Friday, September 3, 2010

Clande wa daily.

"Clande wa Monday,
Clande wa Tuesday,
Clande wa Wednesday, Thursday na Friday"


That song has been on my mind all week. And the fact that Homeboys has been playing it on a loop doesn't help. I have no clandes so don't think I sing this song with random persons running around in my mind. I am not calling myself a saint but I have serious phobias of STD's and other unmentionable problems that are caused by certain lifestyles. But then again to each his own.

I am not going to point fingers at anyone who has a side dish somewhere for when the main female/male is faking headaches, monthly problems or long hours in the office. Almost everyone I know has "a just incase" number in the phone book. Whether or not they shall ever use it. It's our own quiet way of saying that incase your particular choice of idiot messes up, you can pretend to walk away unscathed. We don't admit it to other people and sometimes not even to ourselves but when push comes to shove there's always that other person standing in the shadows.

I always wonder whether the other person knows that they are the "just in case". Am I someone's "just in case"? Dammit I never thought about it until today!. Anyway, they may not be clandes in the traditional sense of the word and you may not particularly do anything "down and dirty" with them but they are on speed dial for when you are lonely or bored or just need company or derailment or whatever. They are like unpaid emotional help.

A "just in case" is different from a friend. They only know about you as much as you would let them. You don't particular hang out or talk every day. You only think about them under certain circumstances and sometimes when you day dream, it's their face you see...but only sometimes. They are your secret weapon. They have everything you wished your current idiot of choice had but none of the stuff that you really like so you have them because you need to think you could do better without actually doing better. You don't particularly love them. You like them quite abit but you never quite love them.

The great thing about "clande wa daily" is that you only get the best of them. Mostly because they are only in your life occasionally.You don't get their mood swings, their debt problems, their personality flaws. All you get is the sweet candy exterior. They do all the things that your main pre-occupation refuses to do because he/she is afraid of heights/busy/car is in the shop or whatever other excuse he/she is used to giving you. So when main squeeze is not talking to you is when you think "I could walk away now and just hook up with 'just in case'"

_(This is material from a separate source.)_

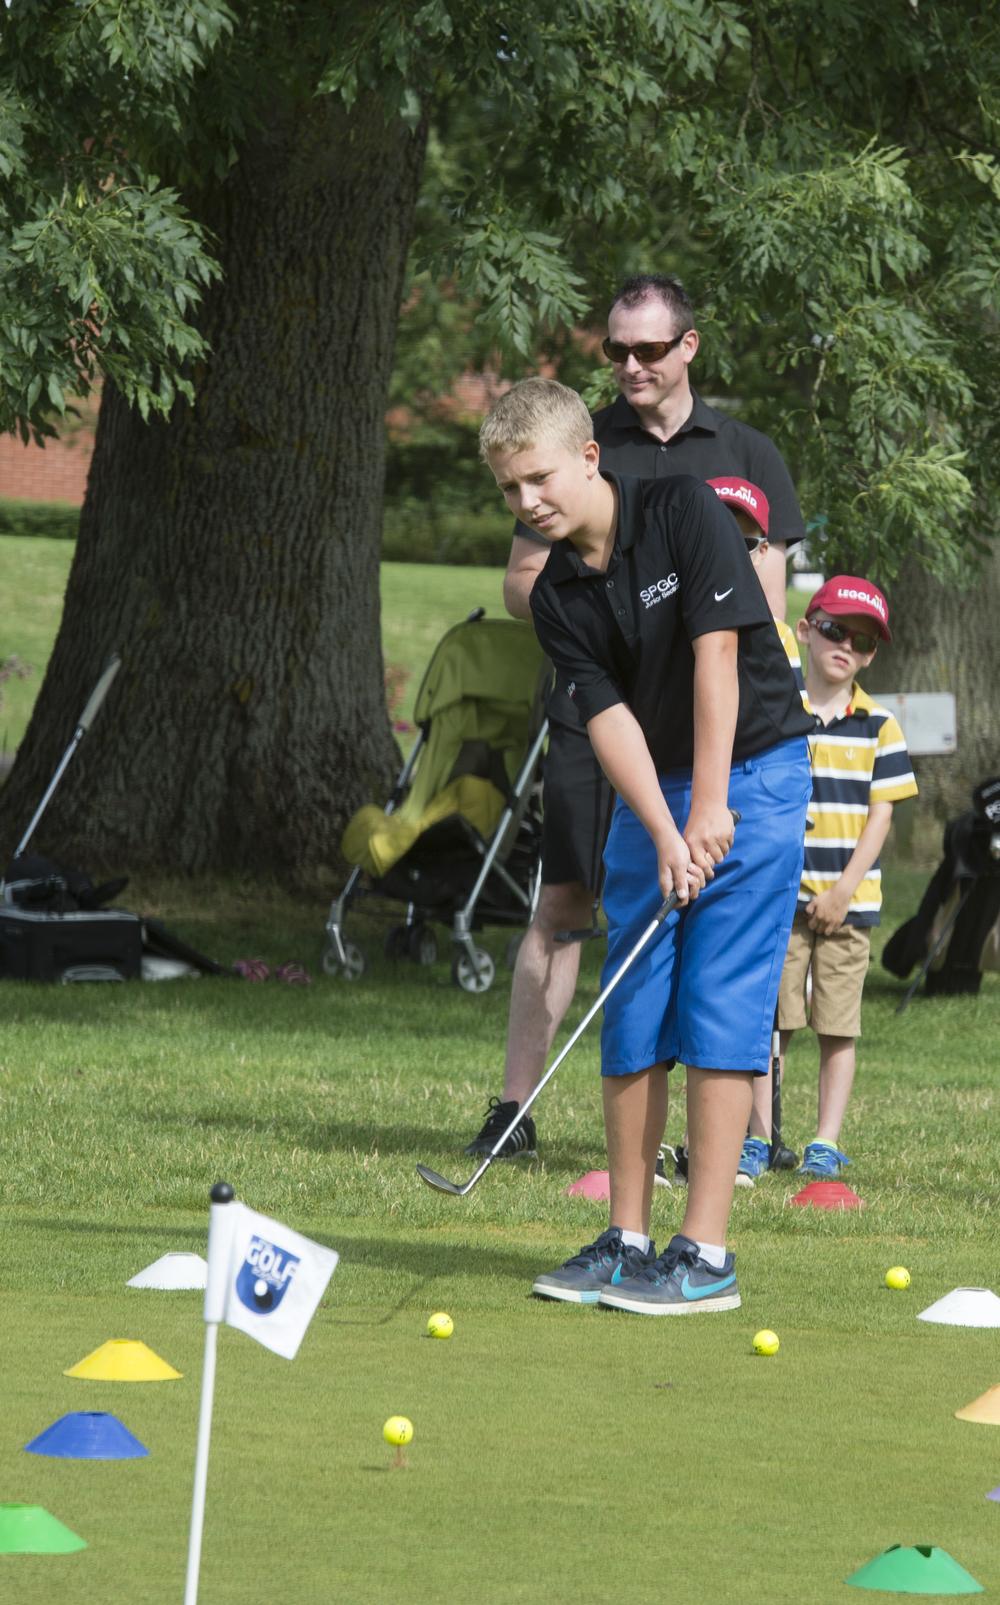 LB_Golf_Roots_family_2016_0339.jpg

But at some point when age and your mother catch up with you, you realise you have to give up your "just in case". They may be comforting for a moment but you know they are not meant to be. I guess that's the point most people get married, put the number and memories on the shelf, breath out a sigh and quietly walk away. It is easy to walk away because there was no emotional investment. You'll probably even invite them to your wedding with no hard feelings. Even share congratulations. They are not the ones that got away. They are just the ones that could have been. And you know at the back of your mind if you were to have an intense affair (if you haven't already), they would be your first choice hands down.

They are your friend, your next door neighbour, your ex-classmate. They are your "just in case". You will never say it out loud to anyone but you every time you meet you think "that was the best 20 minutes of my life!"